I was really curious to see this building, as it looked like a total departure from all of the other homogeneous, eye-pleasing, neoclassical architecture in Vienna. It is the Hundertwasserhaus - a creation of Austrian painter Friedensreich Hundertwasser (1928-2000).
Hundertwasser was thought to be a natural heir to Gustav Klimt artistically, with the heavy use of pattern and decoration in his paintings (above). In the 1950s though, as well as painting, Hundertwasser became involved in humanitarian political and environmental activism, and applied himself to the field of architecture.
As an architect Hundertwasser was opposed to the earlier modernist work of fellow Austrian architect Adolf Loos, who advocated against decorative elements in architecture. Hundertwasser thought straight lines godless and immoral, and that anything drawn with a ruler was done without feeling. Hundertwasser also expressed the idea that austere buildings and environments were the cause of human unhappiness. There certainly appears to be some truth in this opinion with the recent rethink and demolition of many older council estates.

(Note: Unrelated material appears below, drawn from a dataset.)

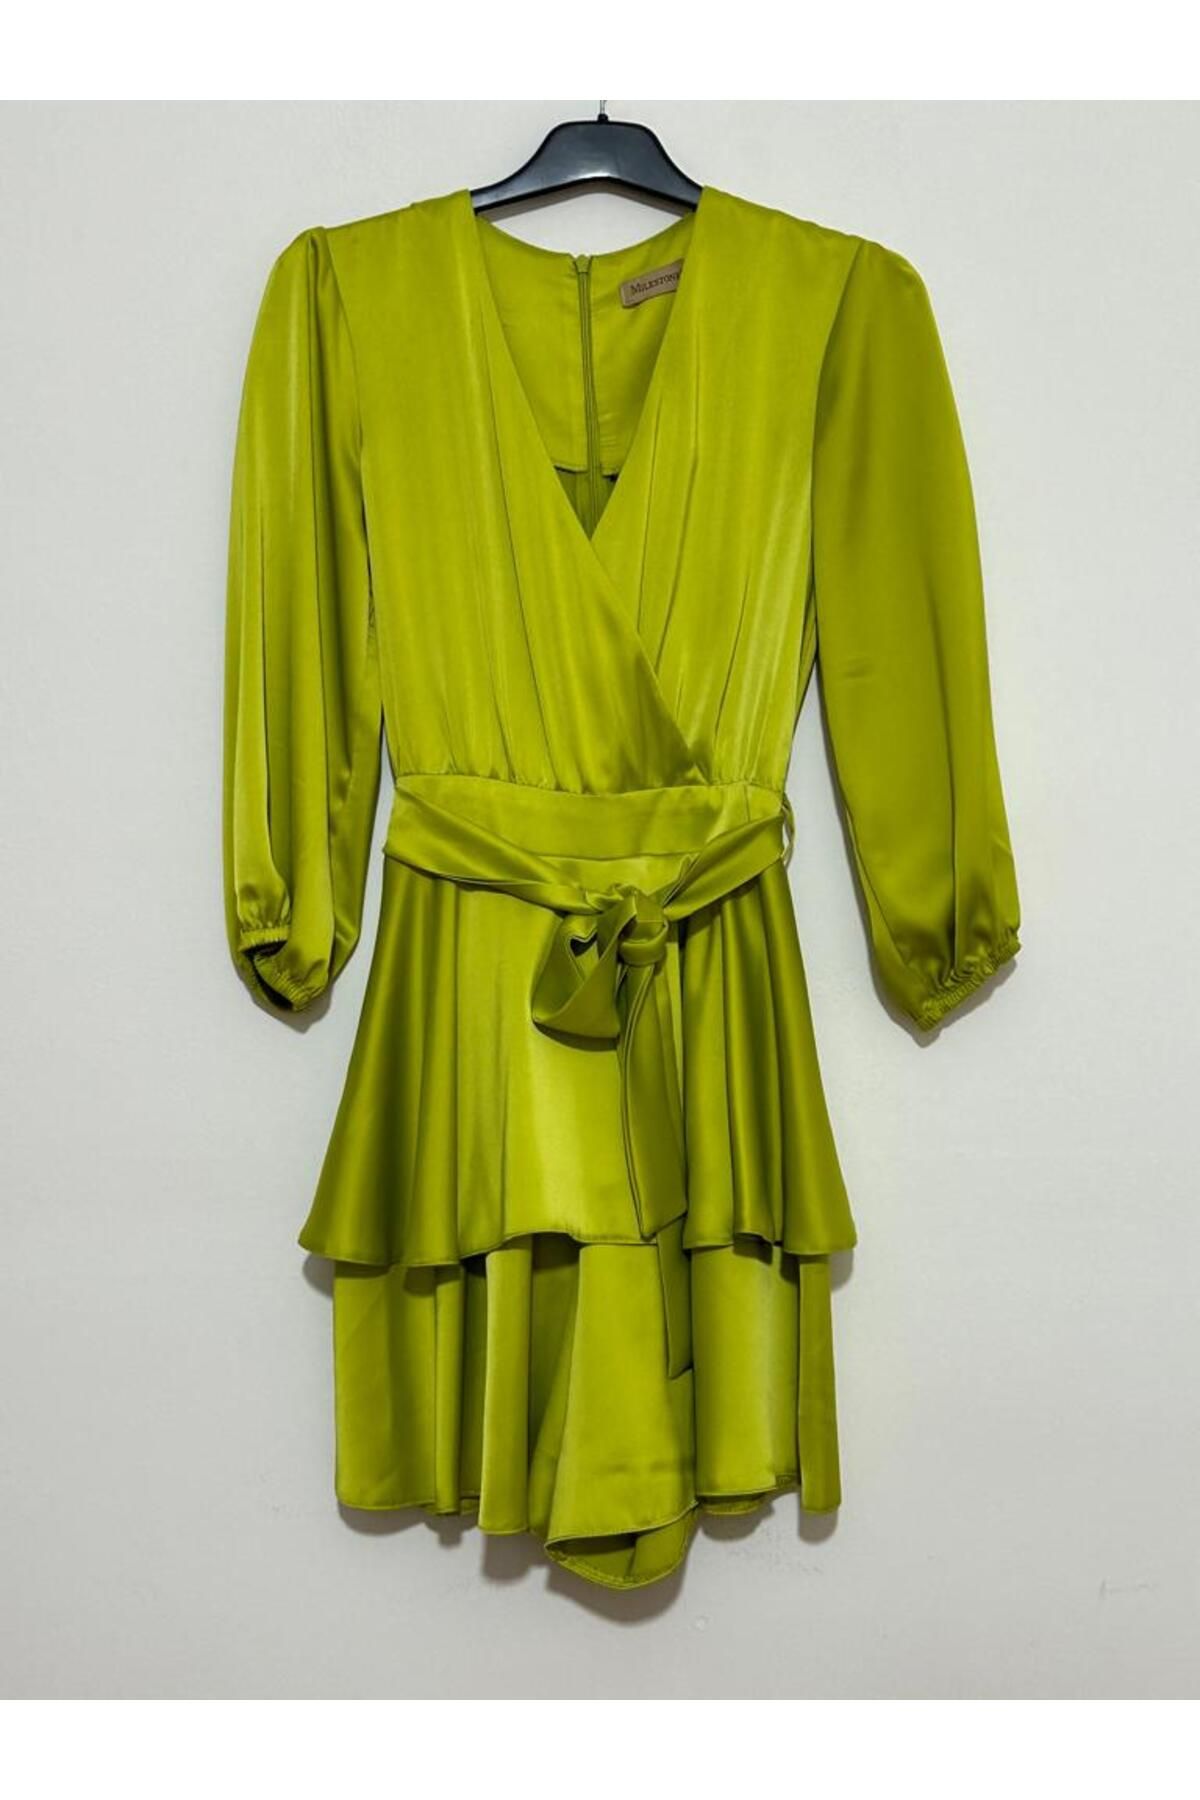 Milestone Yeşil Şortlu Saten Elbise

The Hundertwasserhaus was built during 1983-85 with the aid of architects Josef Krawina and Peter Pelikan, and within there are a range of apartments, offices, and private and communal terraces. The design of Hundertwasserhaus employs organic principles such as the use of uneven floors which Hundertwasser called "a melody to the feet", onion domes, a roof covered in grass, and trees growing inside the rooms.

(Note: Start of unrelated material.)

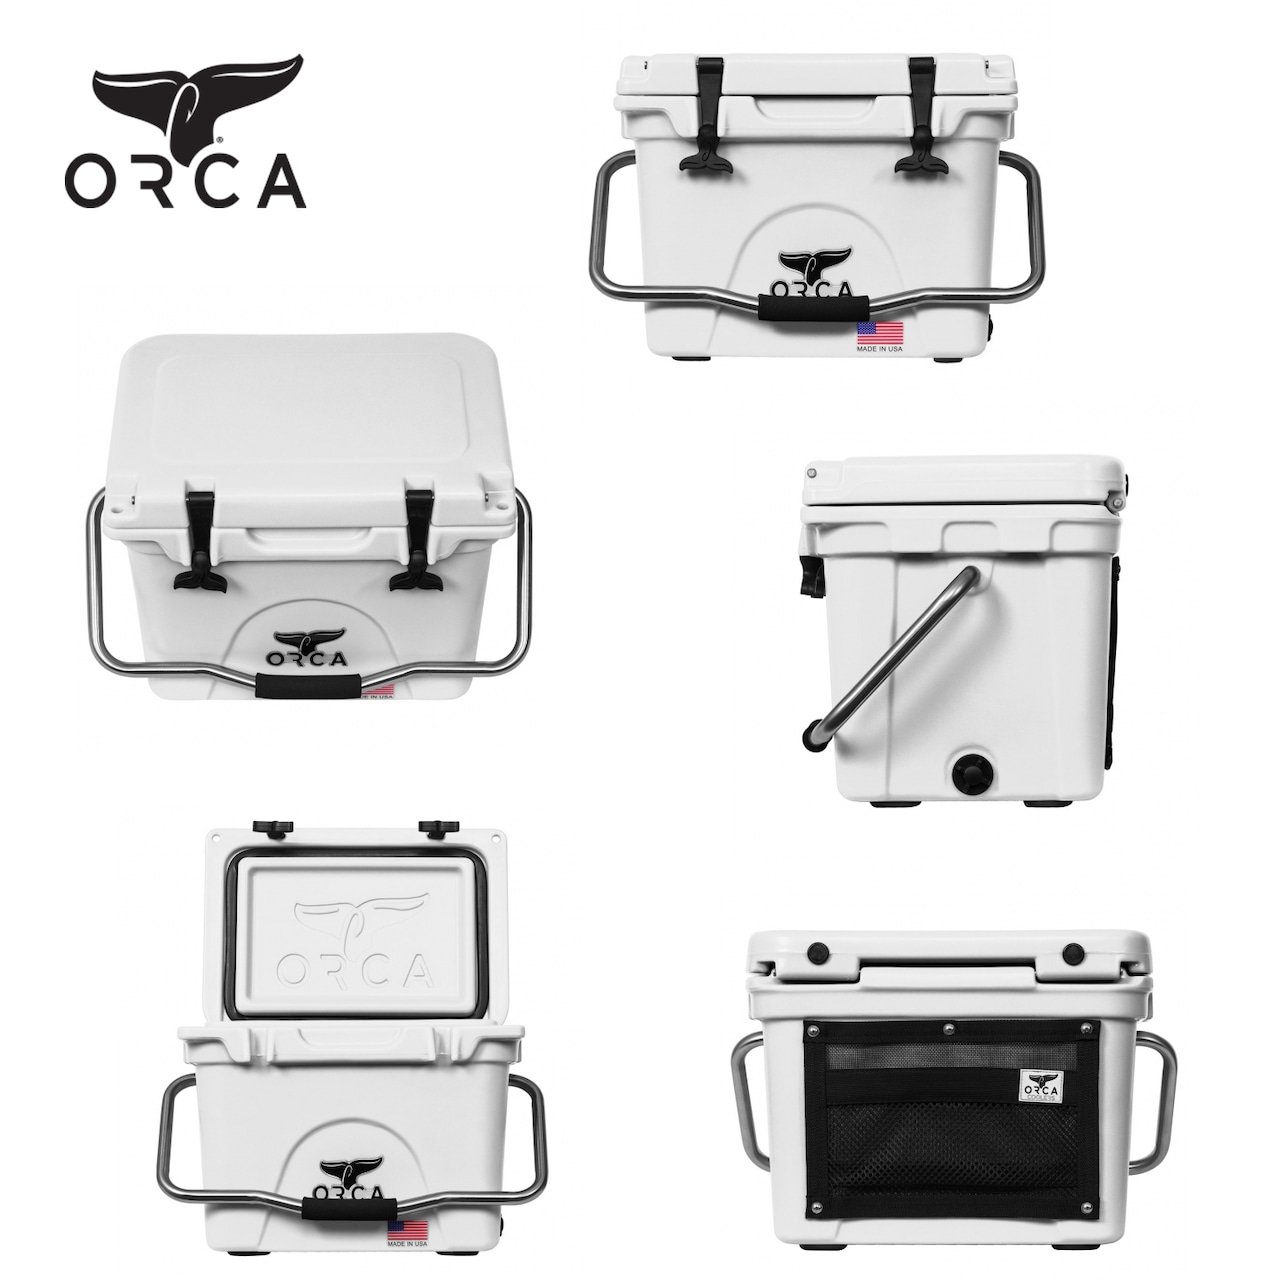 ORCA Coolers 20 Quart オルカ クーラー ボックス キャンプ用品 アウトドア キャンプ グッズ 保冷 クッキング ドリンク オルカクーラーズジャパン

The Hundertwasserhaus is certainly an interesting building. Refreshing as it is to see a radically different architectural style in Vienna, I personally do not think it has aged well. To my eyes it looks dated. It seems to be a mish-mash of styles randomly thrown together, and decorated with bright, (now badly faded) paint, and a few mosaic tiles half-heartedly slapped on. I think Gaudi's visions of organic architecture in Barcelona are much more fully realised and cohesive, given that he had full control of his projects. Money may also be a factor. Gaudi's patrons had pockets deep enough for him to fully indulge his fantastic visions without him having to compromise on design or materials financially. For this project Hundertwasser was largely reliant on the skills and talents of the other two fully fledged architects.
In a city of row upon row of neoclassical architectural pastiche you can understand Hundertwasser's desire to rebel, and create something new and unique as the Secssionists before him did, but I don't think Hundertwasserhaus is the solution. Above is a picture of the building with it's neighbour, which is more uniform and typical of neo-classical Viennese architectural styles found in the Innere Stadt. I don't understand how, or why the British phone box fits in (two picture above), but it certainly adds to the random mix.

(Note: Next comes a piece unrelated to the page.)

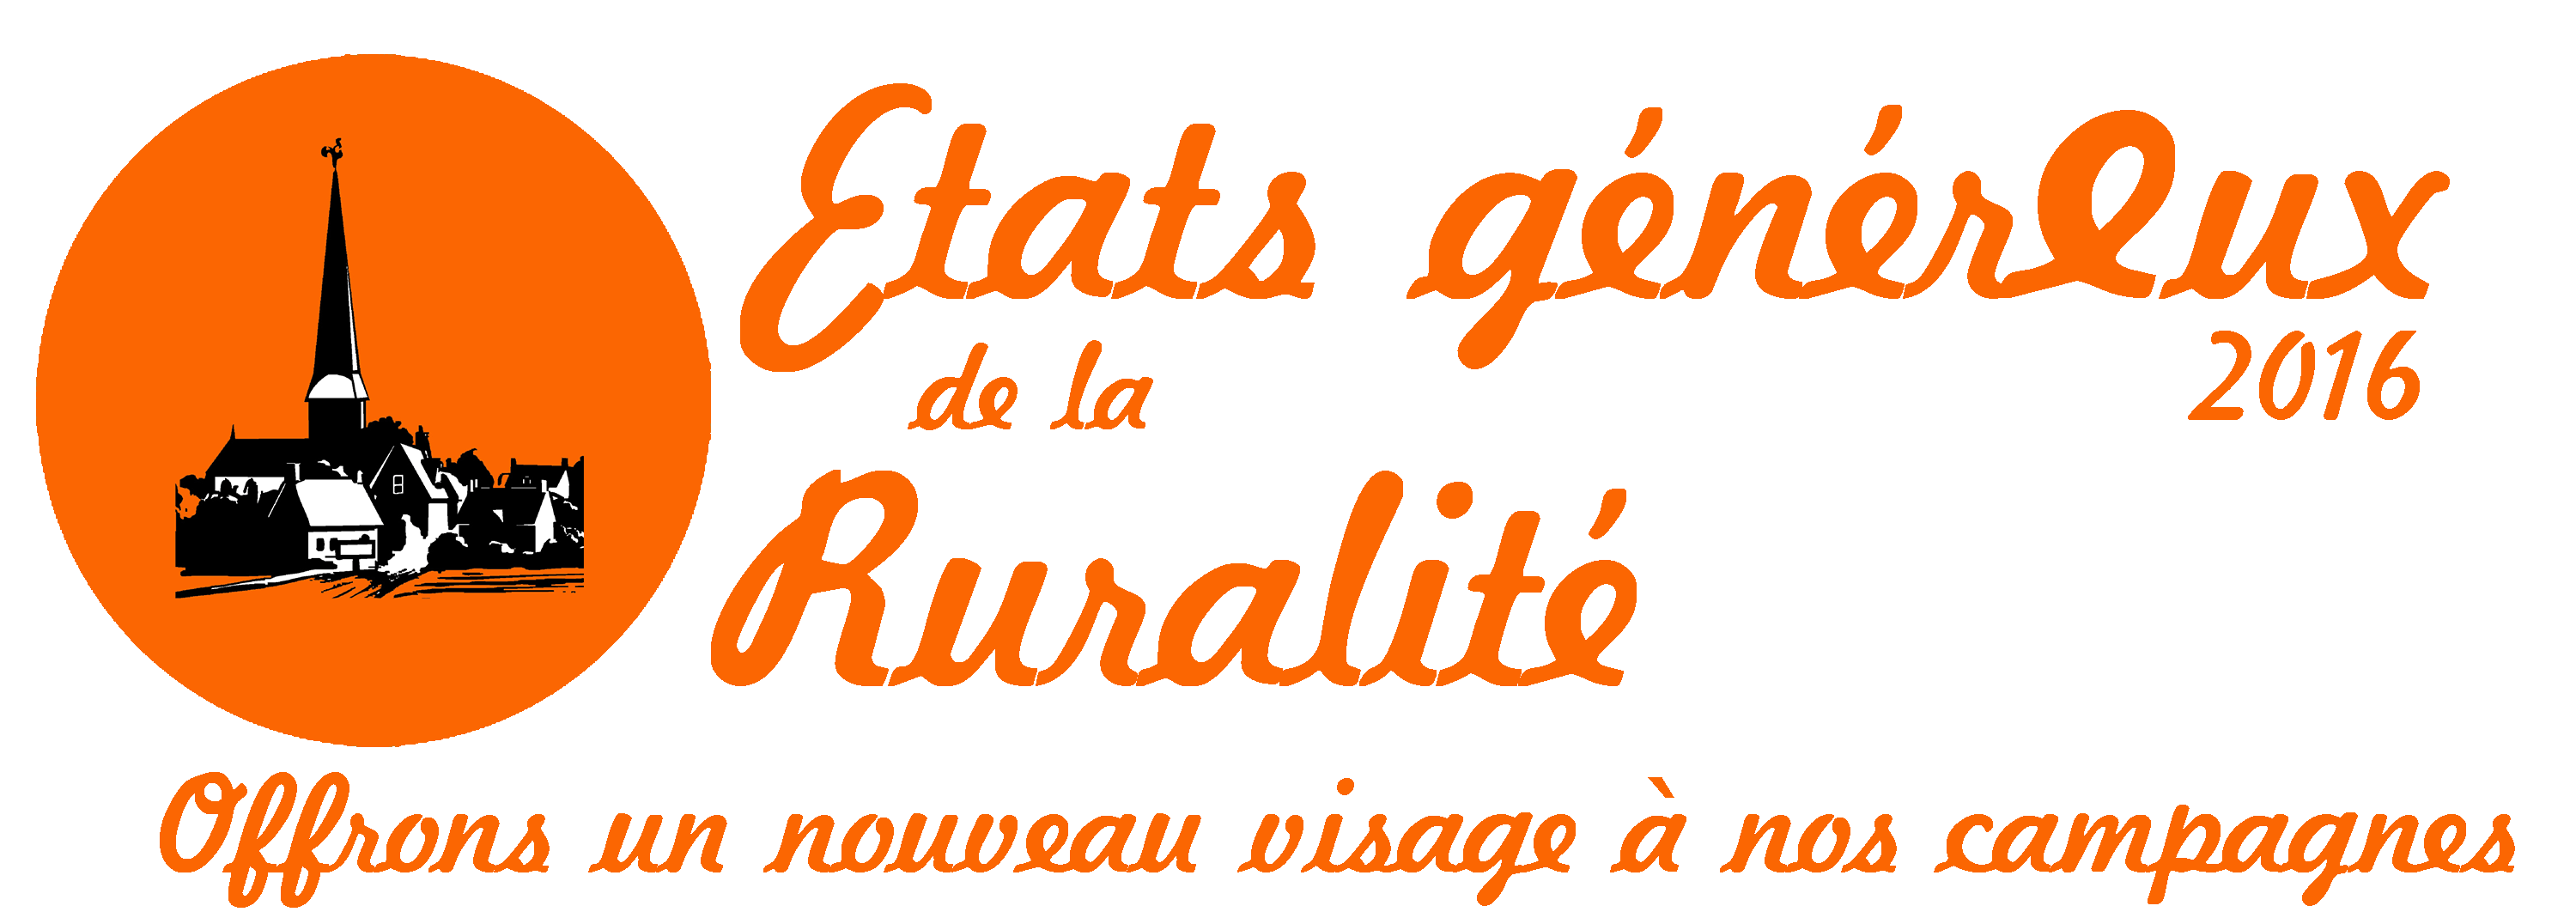 etats-orange

Across the way from Hundertwasserhaus is the Kalke Village of cafes and shops, designed on the principles and handiwork of Hundertwasser. As an environment I found it quite contrived and like a theme park. I really did not like the atmosphere in the Kalke Village which seemed to be aimed specifically at getting tourists and visitors to part with their money, so I exited pretty swiftly.
As the apartments and offices in Hundertwasserhaus are private, the public does not have access. I would be interested though, out of curiosity to see the interiors with undulating floors, and wonder how practical those inhabitants with trees growing in their apartments with limbs supposedly extending out of the windows find this experience.
There was another Hundertwasser architectural project nearby, but after seeing Hundertwasserhaus I didn't feel particularly inspired enough to seek it out.